The fight felt like an eternity, although it couldn’t have lasted more than a few minutes.

The whole time, Jagger stood with his arms folded, an immovable rock in a writhing mass of bodies, smiling as his two mines killed each other.

Griff was pale and desperate, shaking his head, pleading, “Stop! Mari!” But after a while, I couldn’t hear him. I couldn’t hear the crowd. I couldn’t hear anything but the sloshing of angry blood in my ears.

My breath dragged sharp claws through my lungs, and I coughed and spit out blood. Justice snapped a punch. My head kicked back, and sparks lit my vision.

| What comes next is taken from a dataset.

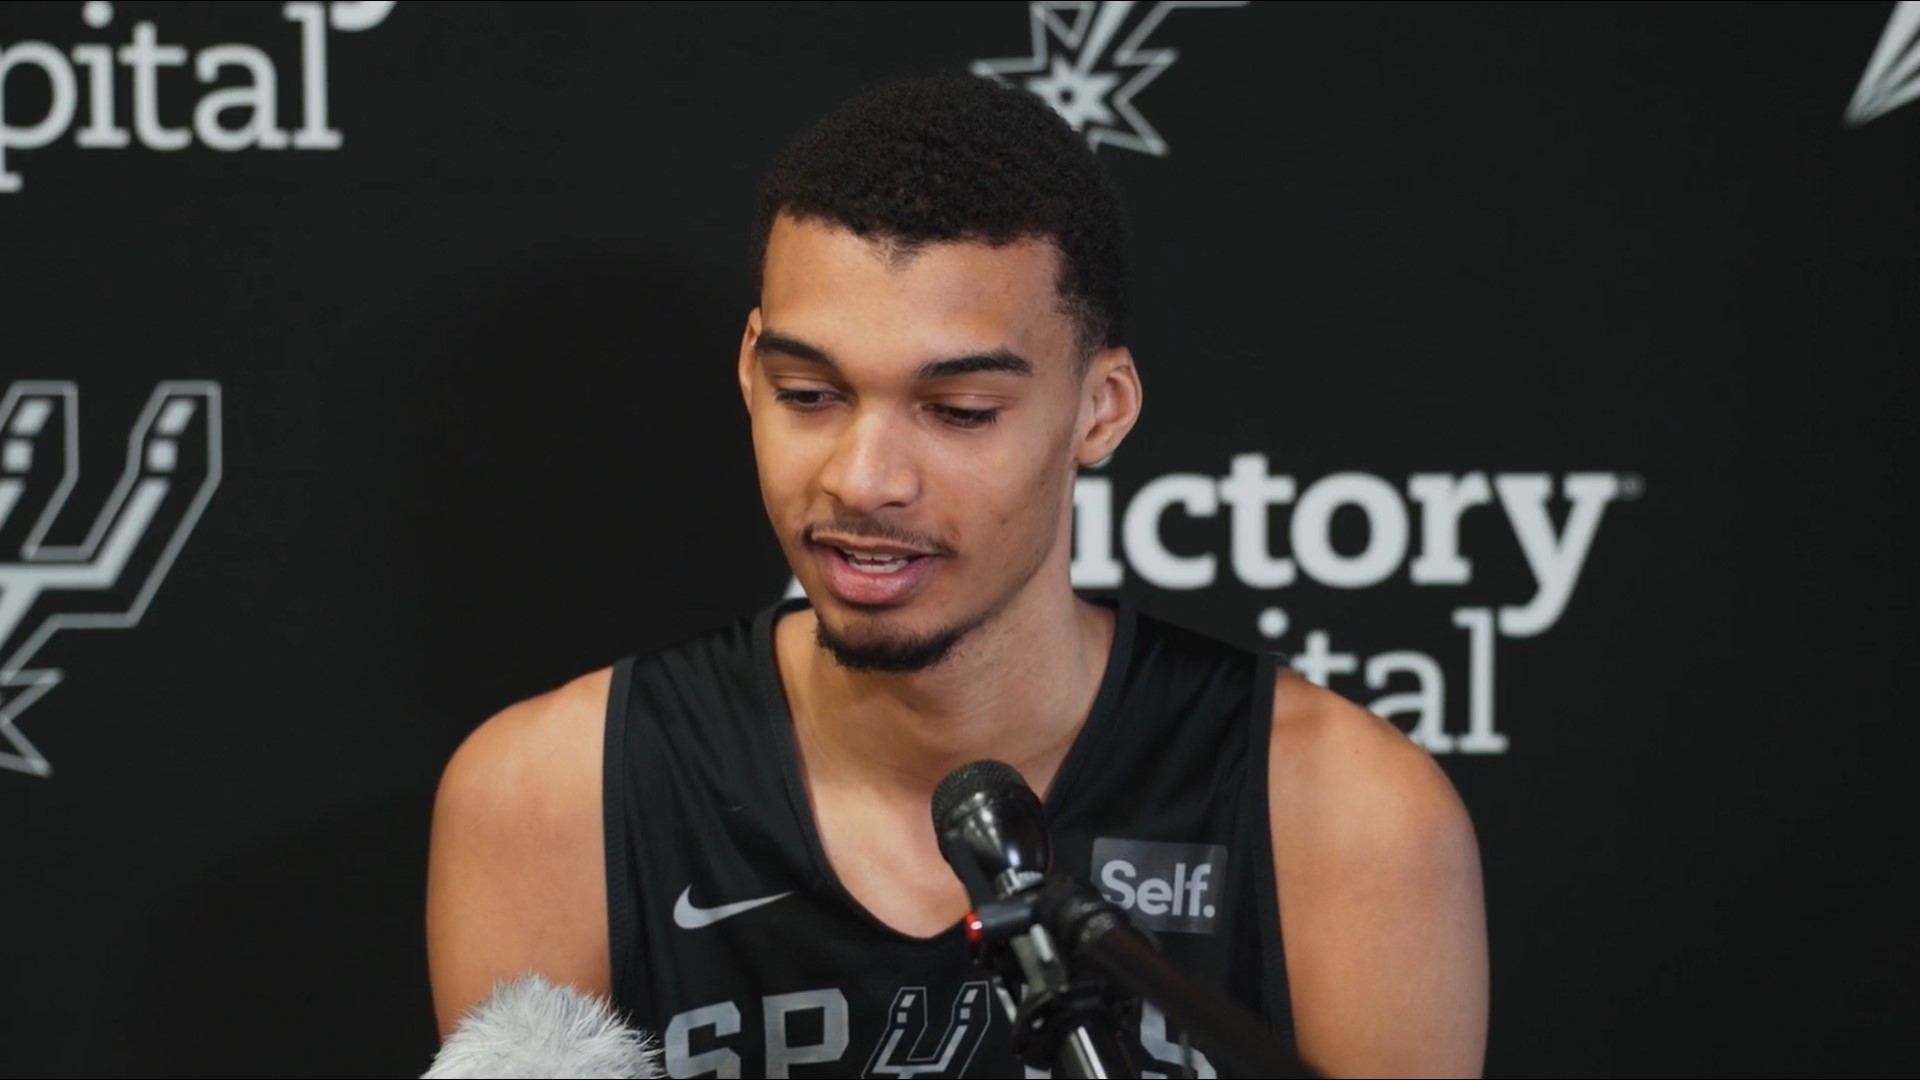 The star rookie answered questions on San Antonio's struggles, the growth he's doing and seeing, Jeremy Sochan, the advice he's received, and much more.

Kill, my blood sang. Kill.

I gave myself over to the song. When Justice swung wide, leaving himself vulnerable, I darted forward and jabbed the knife into his left shoulder. I yanked it out. He sucked in a pained breath and spun away.

Griff, just beyond him, started to cry. He was probably crying because he was witnessing the death of his two best friends. Justice because I’d kill him, and me because after I’d killed Justice I wouldn’t be myself anymore.

Justice wiped at the trail of blood running over his face and flung the liquid to the floor. The gray stone was stained crimson.

The room smelled less like roasted meat and herbs and more like copper tang, sweat, and unshed tears.

Justice was tired. I was tired. Jagger’s knife was slippery with blood but still thirsty.

Justice was dressed in his usual black, but even so, it was wet and glossy with blood. I’d cut him on his forehead, his shoulder, his forearms, and his back.

Every time I’d cut him, every time the blade had taken a bit of his life, I’d remembered something about him that I loved.

The way his smile came out at unexpected times, like the sun shining from behind fast-moving clouds.

The way his auburn hair stuck straight up in the back and refused to lie flat after he woke up, even if I smoothed it down at the breakfast table.

The way he always put his arm over my shoulders and tucked me close when he knew I needed a friend.

How, as a little boy, he’d saved moths from bright lights, mice from traps, and me from myself.

Once, when I was seven and he was ten, I’d hidden in Jagger’s office thinking I might be able to kill Jagger if only I tried very, very hard.

Being seven, I hadn’t thought about the fact killing Jagger would also kill me, Justice, and Griff.

My plan had been to drop the poison Assassin’s Blade into his Furtig.

Simple. Justice had found me in the office frozen in place.

I’d been stuck like that for hours. I couldn’t poison Jagger, but I also couldn’t leave.

Justice understood what had happened right away.

None of us could harm Jagger. Not in any way.

I was frozen in place with the active desire to harm him and the inability to do so.

It was a fail-safe built into the peculiar symbiosis of a leggerock and a nine.

I was going to be found out. We could hear Jagger coming down the hall.

He would find the poison. He would know my intent.

He would kill me. Instead of leaving me to Jagger’s wrath, Justice had grabbed the tiny bottle of Assassin’s Blade and swallowed enough poison to kill fifty men.

He’d died, disappeared, and taken all the evidence of how and why with him.

When Jagger asked Justice why he’d died, he told Jagger he’d poisoned himself because he wanted to see what it felt like.

Justice had saved me from endless torture and a horrific death.